EXERCISE DIRECTIONS:
Nothing but the text of the records belongs in your answer: repeat all of it exactly and leave out the images.

··· DATA SUPPLIED

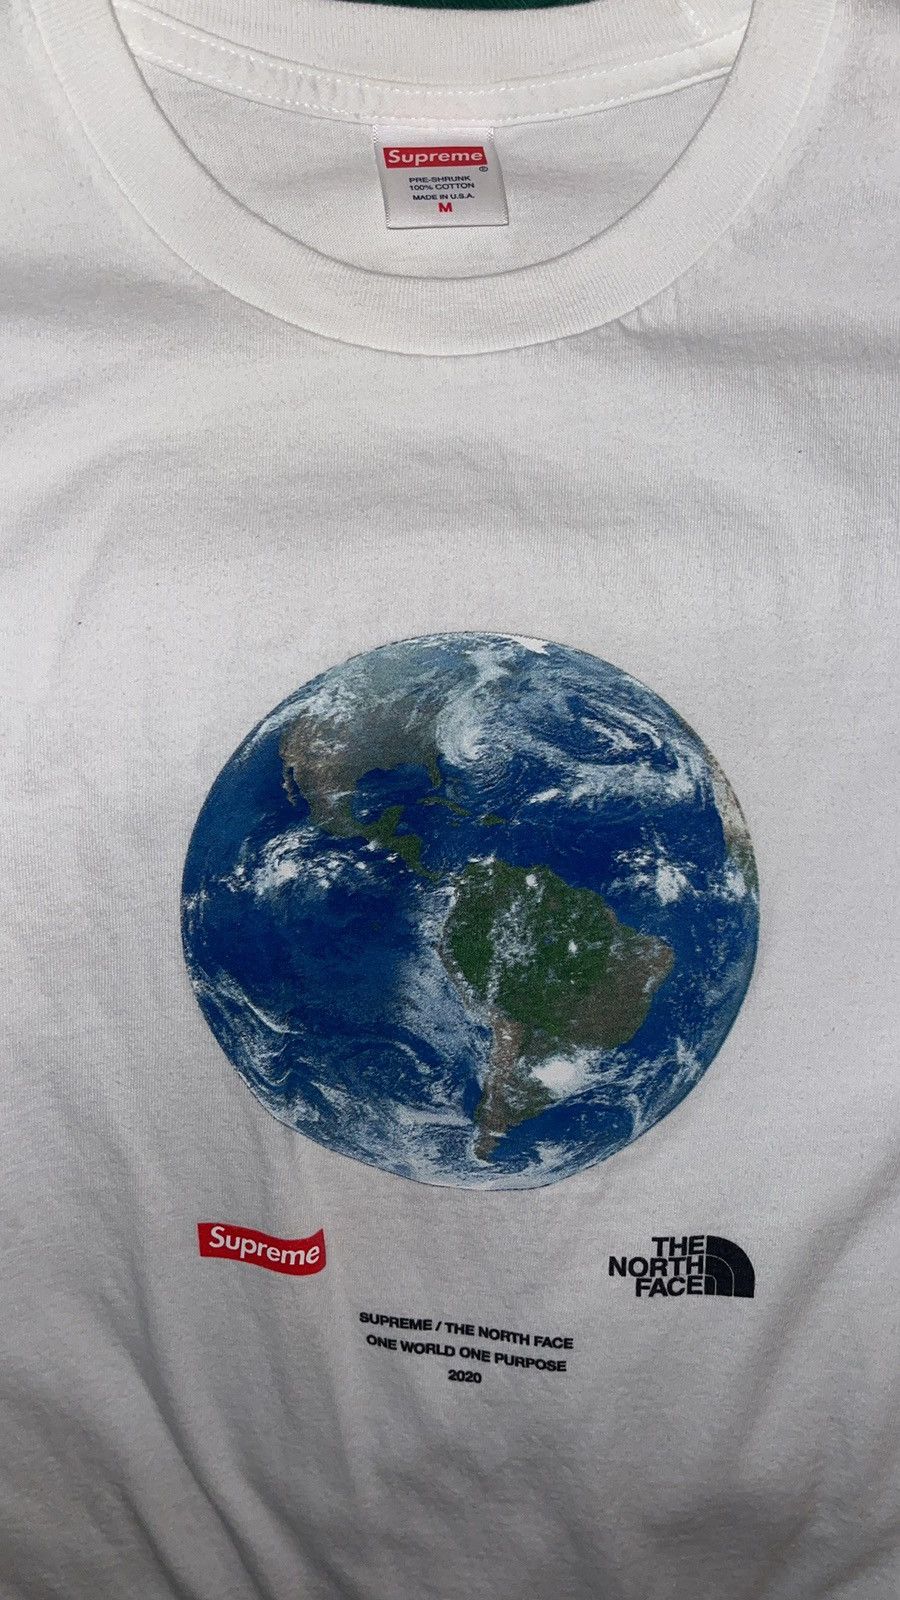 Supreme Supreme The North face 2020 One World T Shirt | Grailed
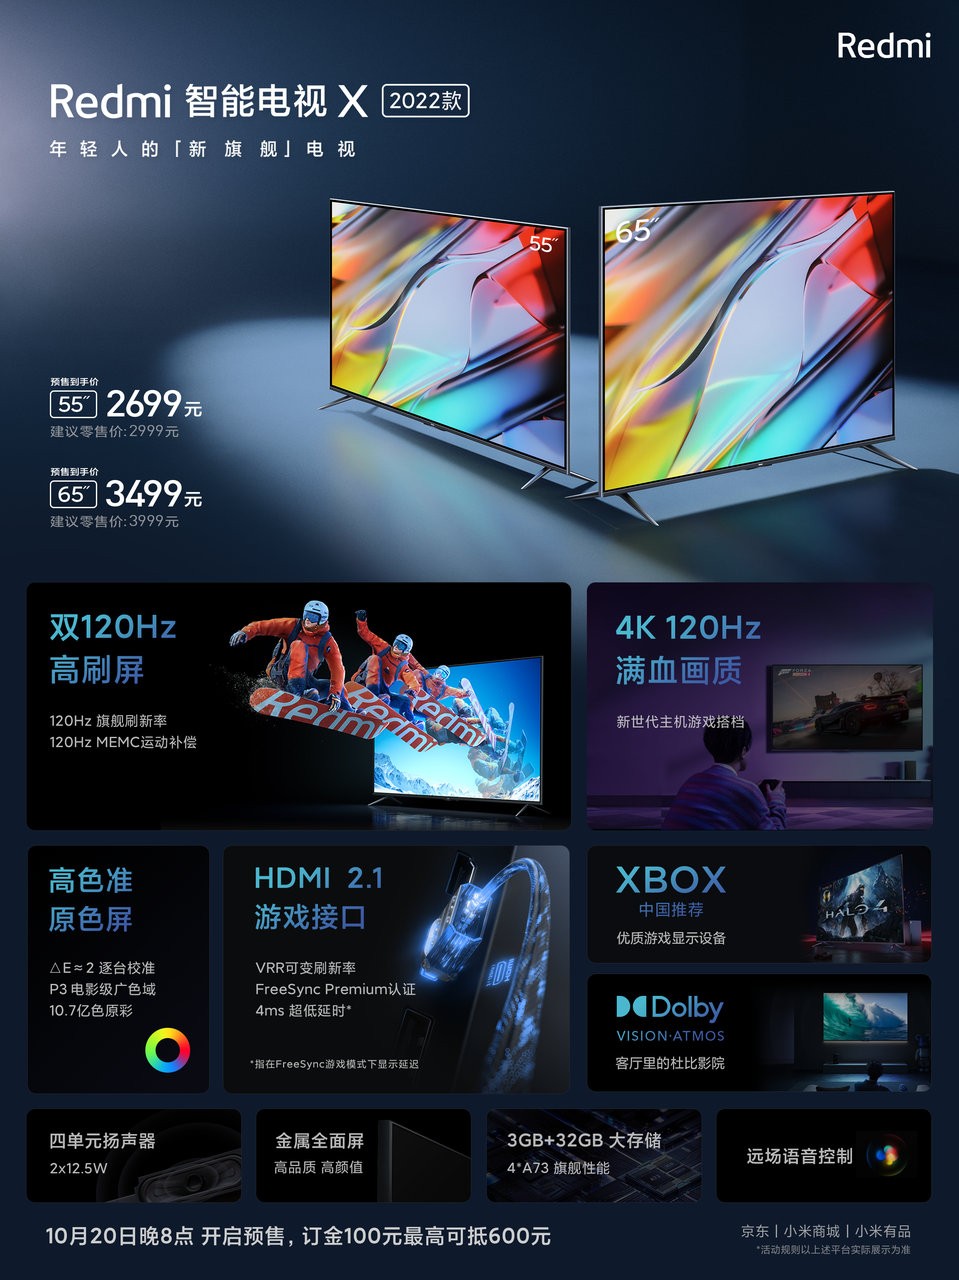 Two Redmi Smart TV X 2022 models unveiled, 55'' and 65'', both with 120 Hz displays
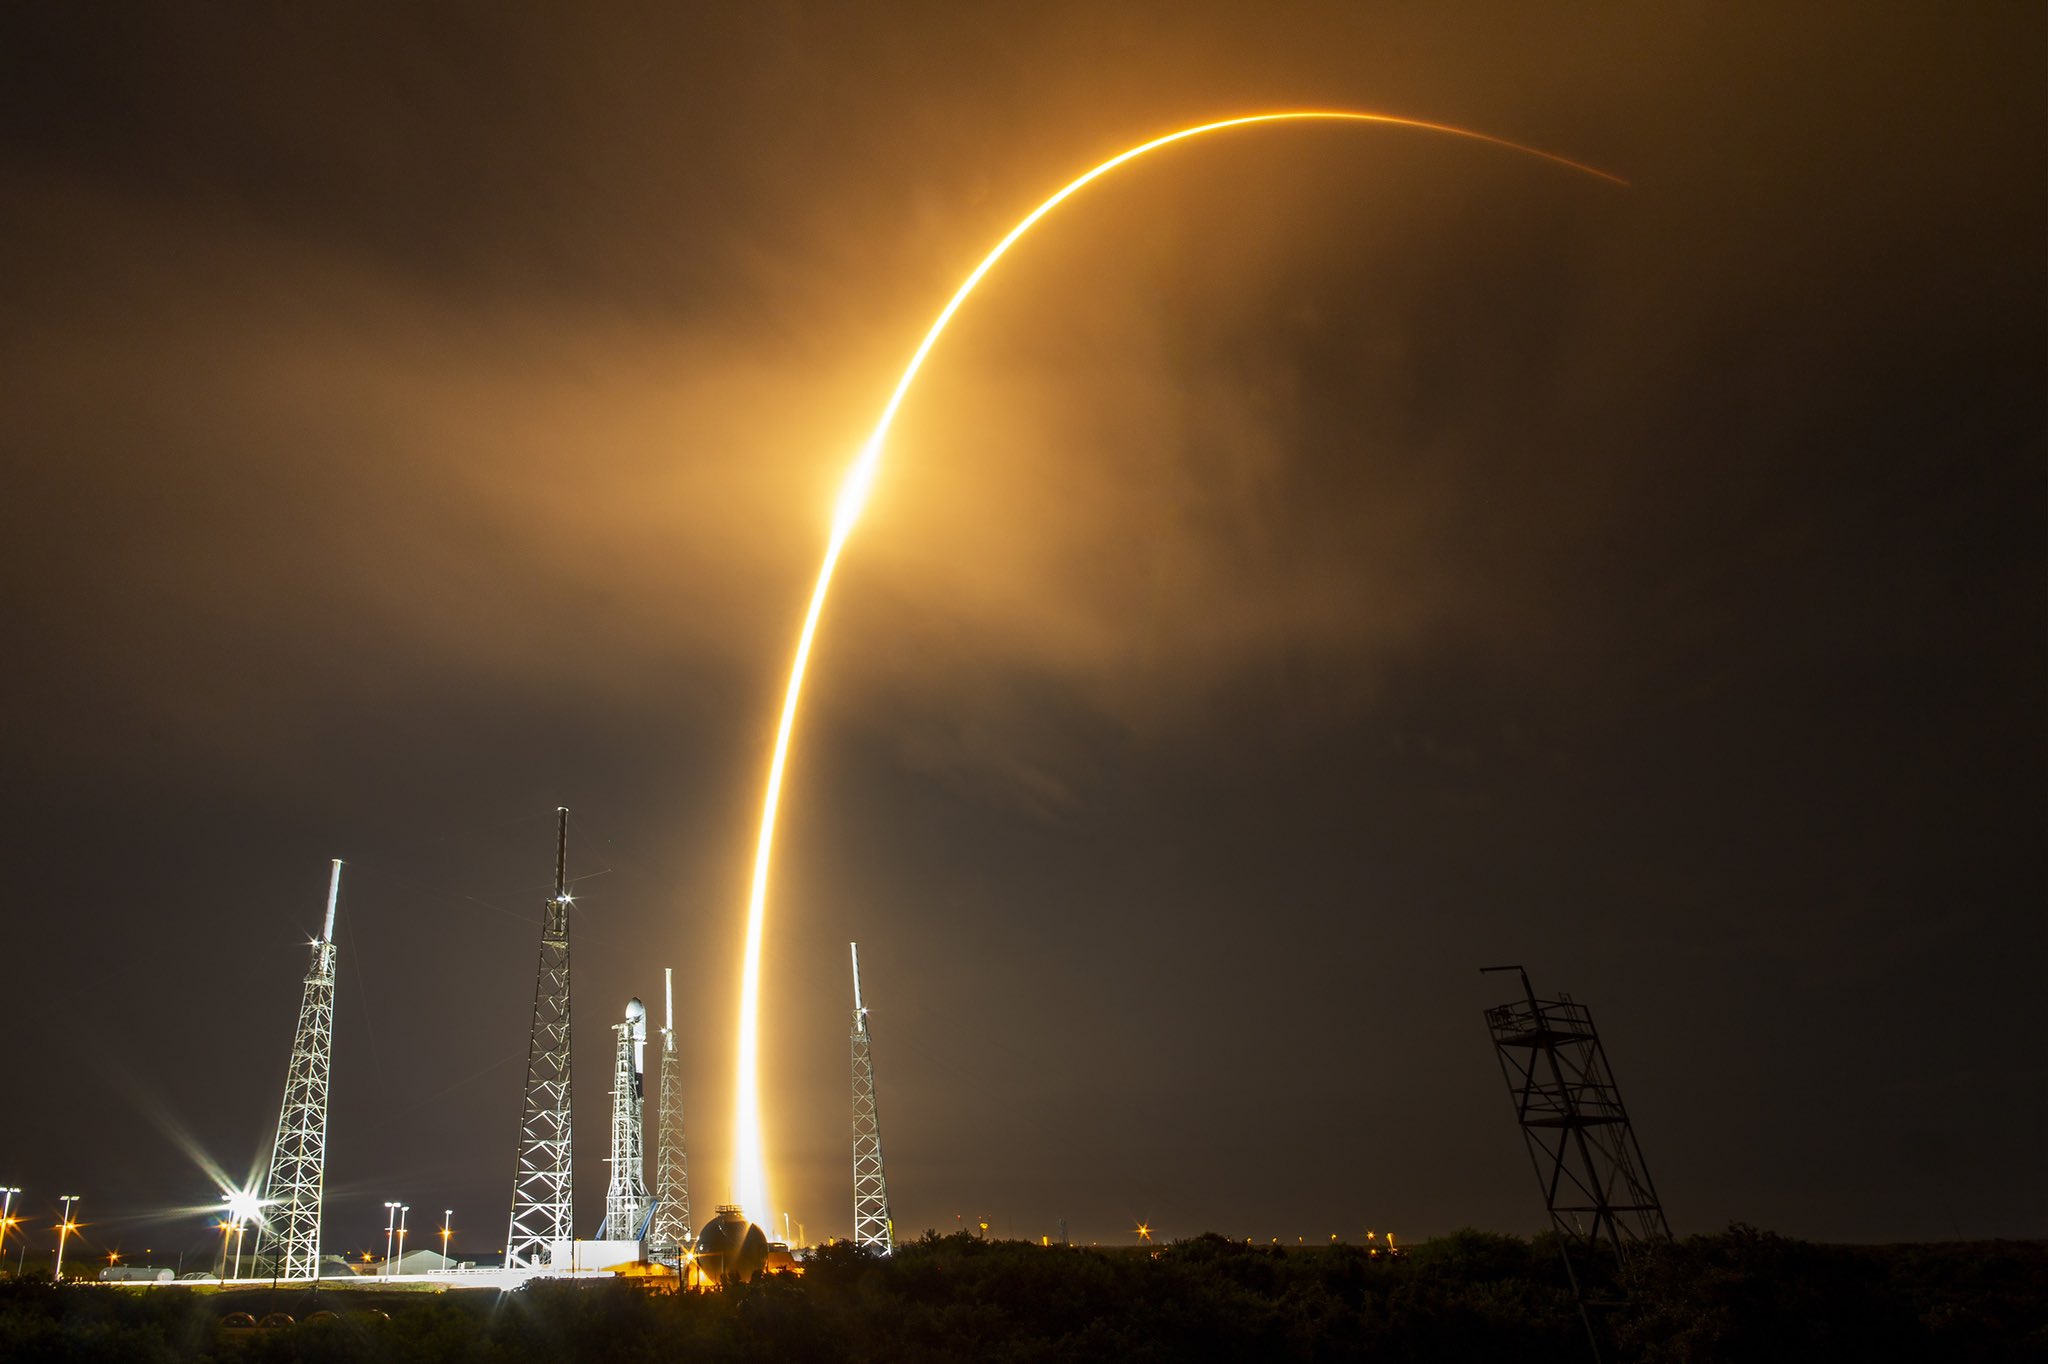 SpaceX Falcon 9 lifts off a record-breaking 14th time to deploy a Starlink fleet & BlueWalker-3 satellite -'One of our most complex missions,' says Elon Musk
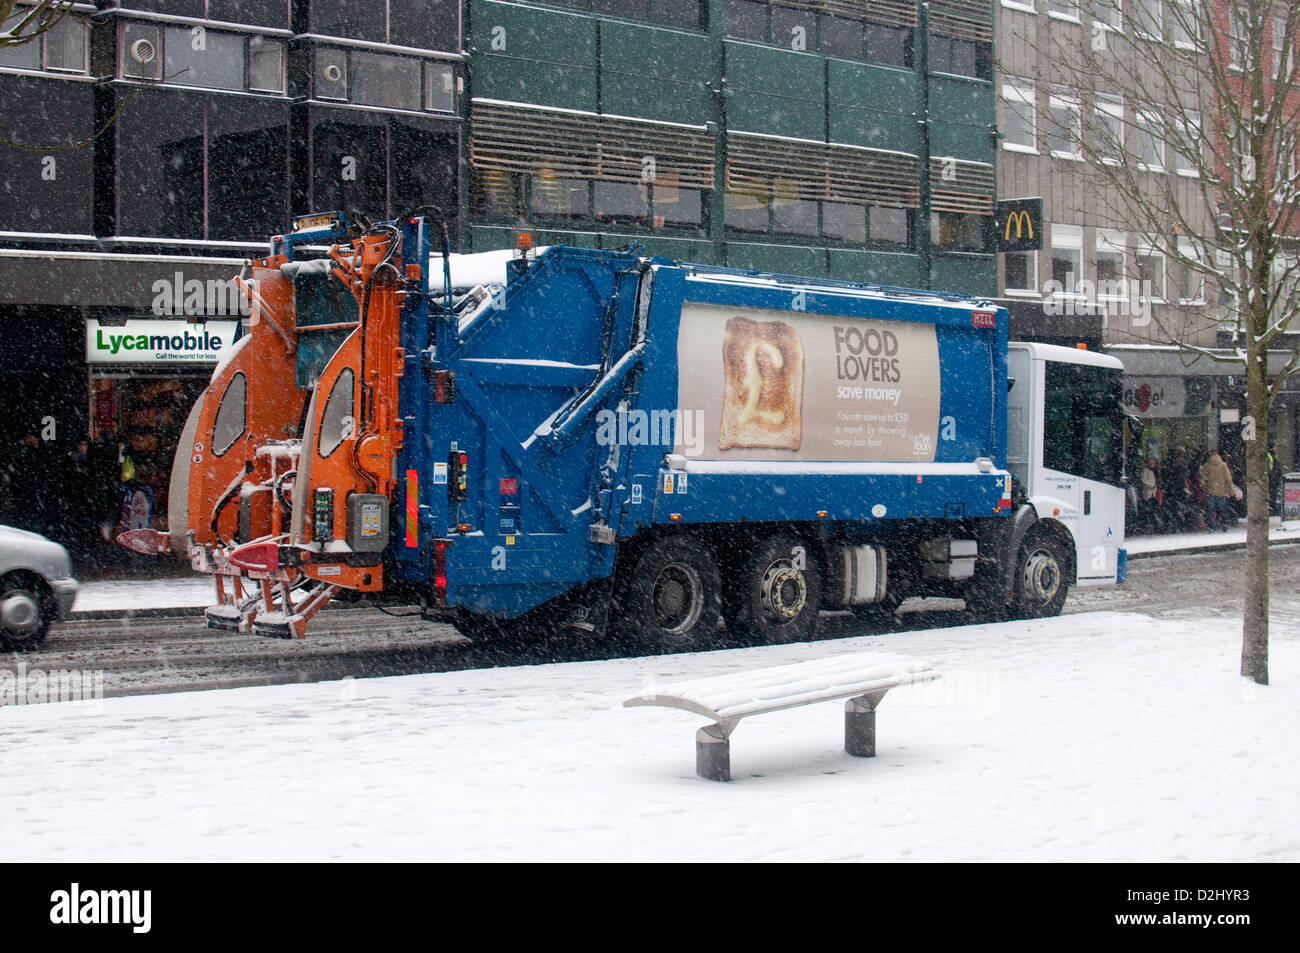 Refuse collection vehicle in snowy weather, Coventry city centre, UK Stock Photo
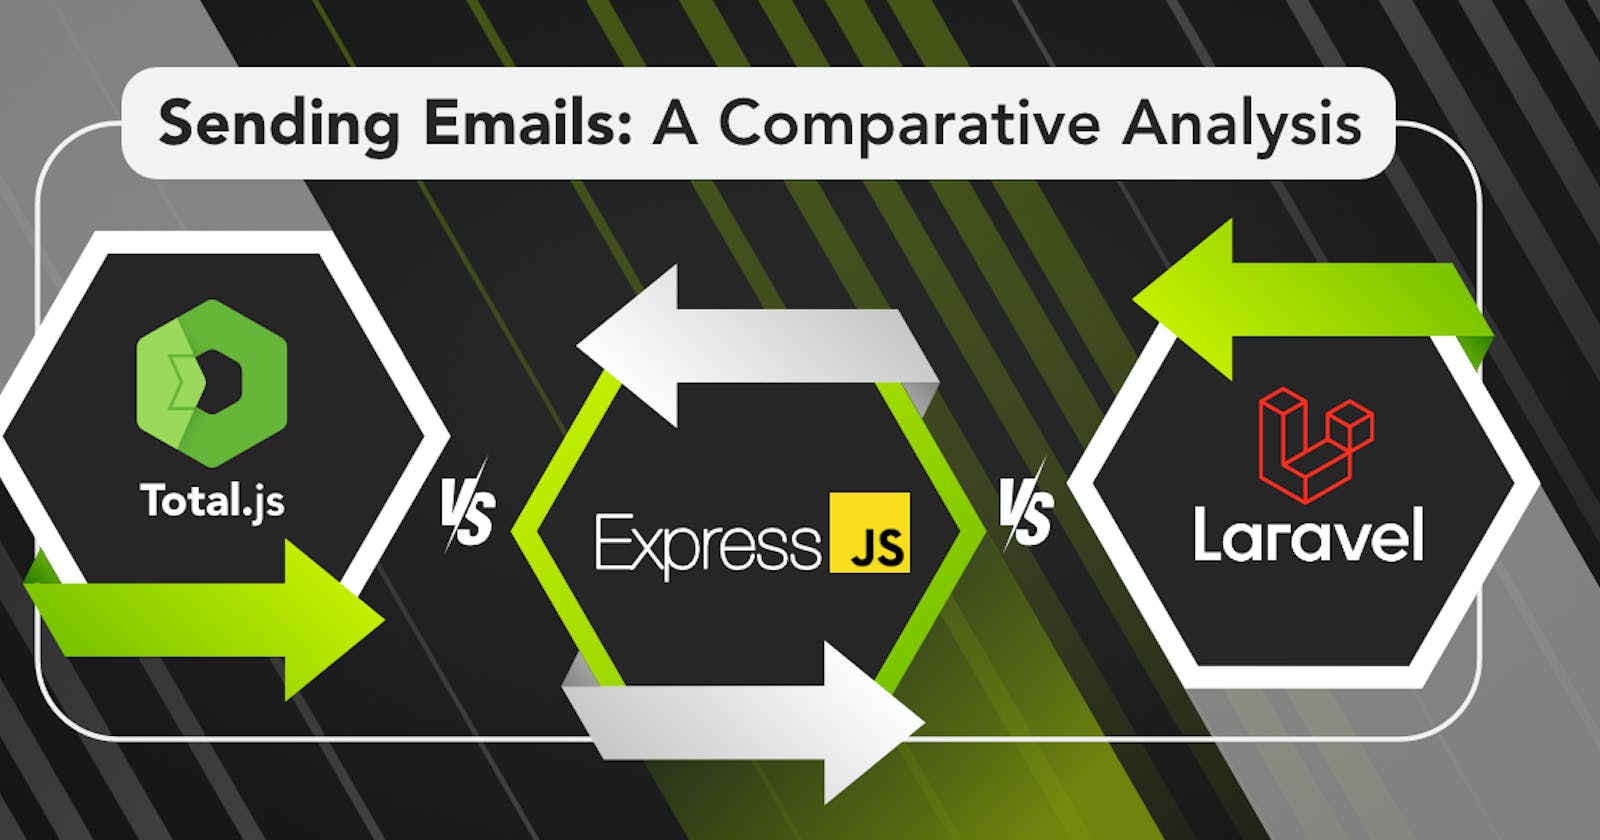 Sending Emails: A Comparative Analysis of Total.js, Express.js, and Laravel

······

THE COMPLETED TASK:
 Supreme Supreme The North face 2020 One World T Shirt | Grailed
 Two Redmi Smart TV X 2022 models unveiled, 55'' and 65'', both with 120 Hz displays
 SpaceX Falcon 9 lifts off a record-breaking 14th time to deploy a Starlink fleet & BlueWalker-3 satellite -'One of our most complex missions,' says Elon Musk
 Refuse collection vehicle in snowy weather, Coventry city centre, UK Stock Photo
 Sending Emails: A Comparative Analysis of Total.js, Express.js, and Laravel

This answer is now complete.